In the weeks between doctor visits I waiver. I sometimes find myself back in the position of disappointment, rejection, and confusion, disconnected from pregnancy and my relationship with L. Disconnected from my body. Disconnected from my life. Then I have to change my mind again - accept the pregnancy again - accept mothering again - accept being parents again. Choose it all again.
I'm grateful that it was a choice. I get into my worst headspace when I (feel that I) am trapped. The pregnancy may have been a surprise but keeping it was a choice. Sometimes the choices are overwhelming but I'd still rather have them. What kind of health care provider, where to live, work or stay home, how to pay the bills, cloth or disposable, nursing or formula... Each one can be seen as a trap or as a choice. I somehow feel more capable, more able to do this, when I can see the choices and take them on in my own way/our own way.

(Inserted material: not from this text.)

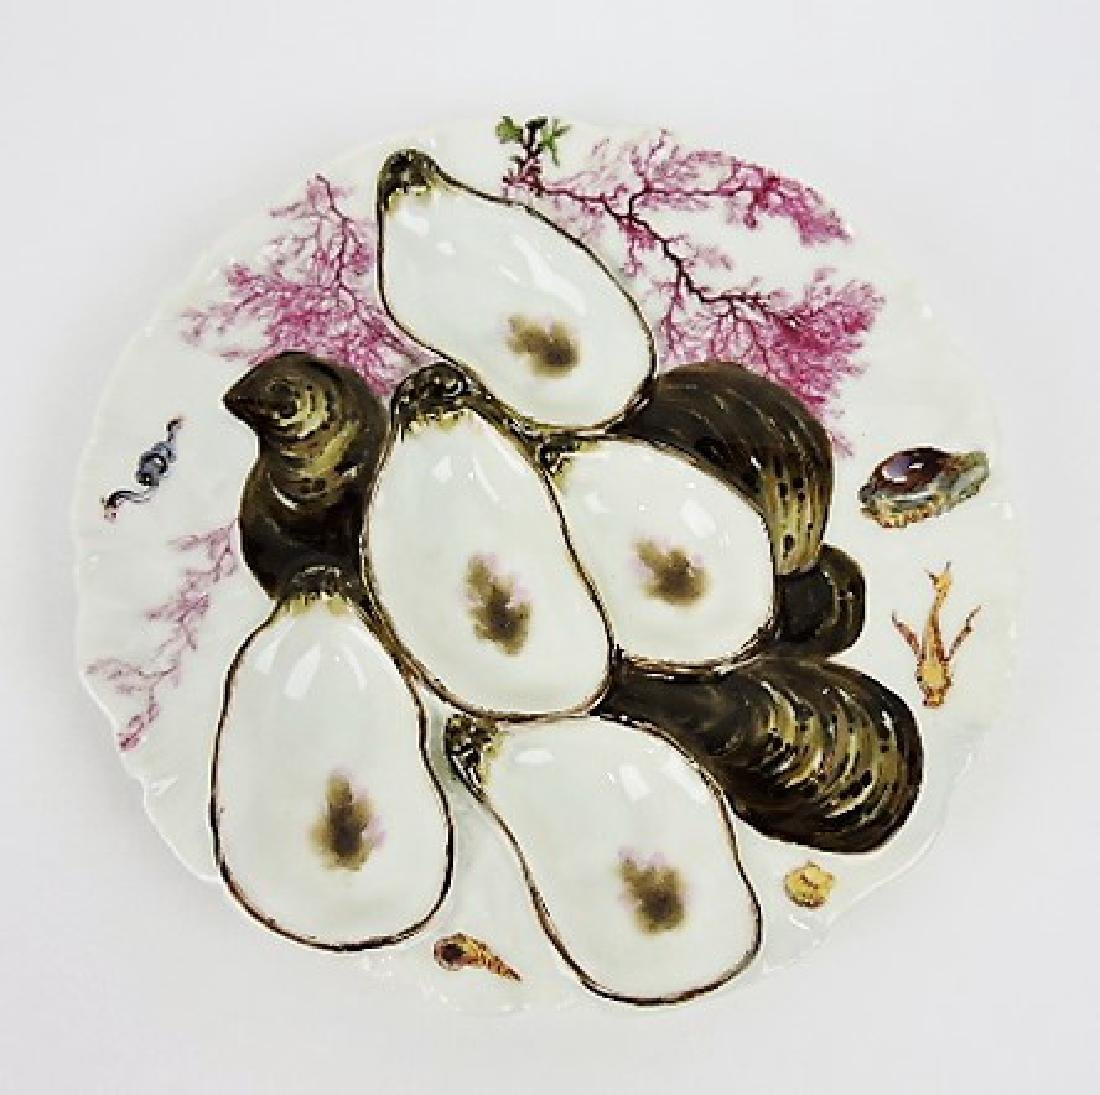 Haviland & Co turkey style oyster plate, white

And there's something in that choosing that calls me back into my body, my relationship with L, my life. I am invited to engage. The choices turn something thoroughly too big - the total changing of my life - into the little immediate decisions and homework of today.
It requires double vision. To be able to shift between the immediate decisions of now and the big picture that is desired for a whole life. To just live in the immediate needs is another kind of trap and can render a person wholly constructed of pragmatics, convenience, and common sense. Maybe this is a good thing sometimes, such as when subsistence is barelyin reach. Maybe what I imagine would be a common human right is actually a luxury - for a person to also be made of creativity, dreams, hobbies, friendship...

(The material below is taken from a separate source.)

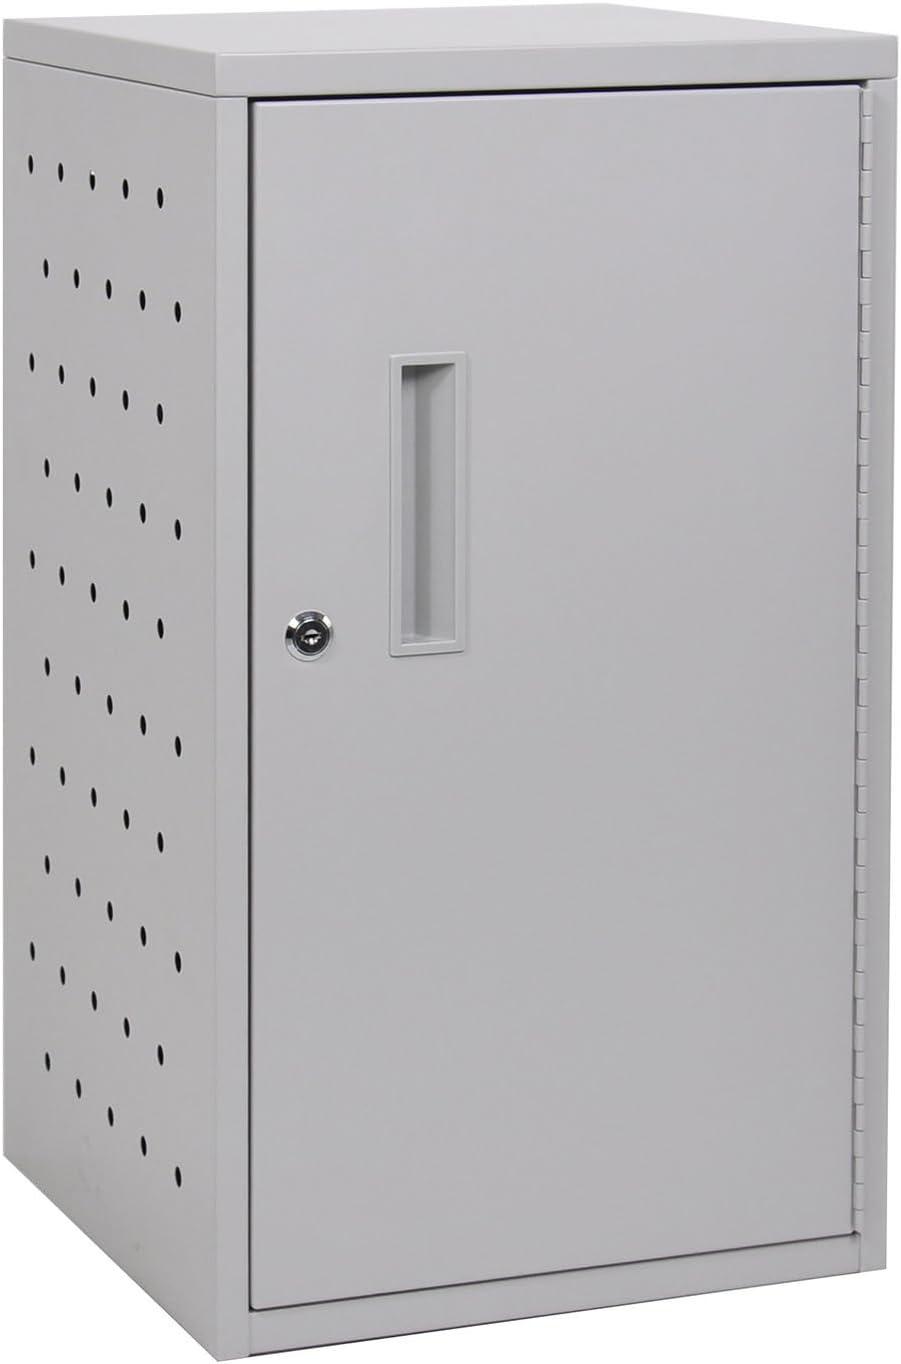 Offex Steel Vertical Wall Mesa Mall Desk Box Charging Door with service Lockable

The former is one of my dreads of motherhood - that I'll be turned into a creature of immediate-need-meeting and perpetual pragmatism. The latter is my hope for motherhood - to still be me, to have something to share with a child, to be a sane me, to be a good model of an interested & engaged adult for a child.
My friend D is the second kind of mom. Her apartment gets cluttered and there is evidence of junk food, but her daughter is healthy, happy & enjoys D. D has just published her first book of poetry. That's the kind of mom I want to be.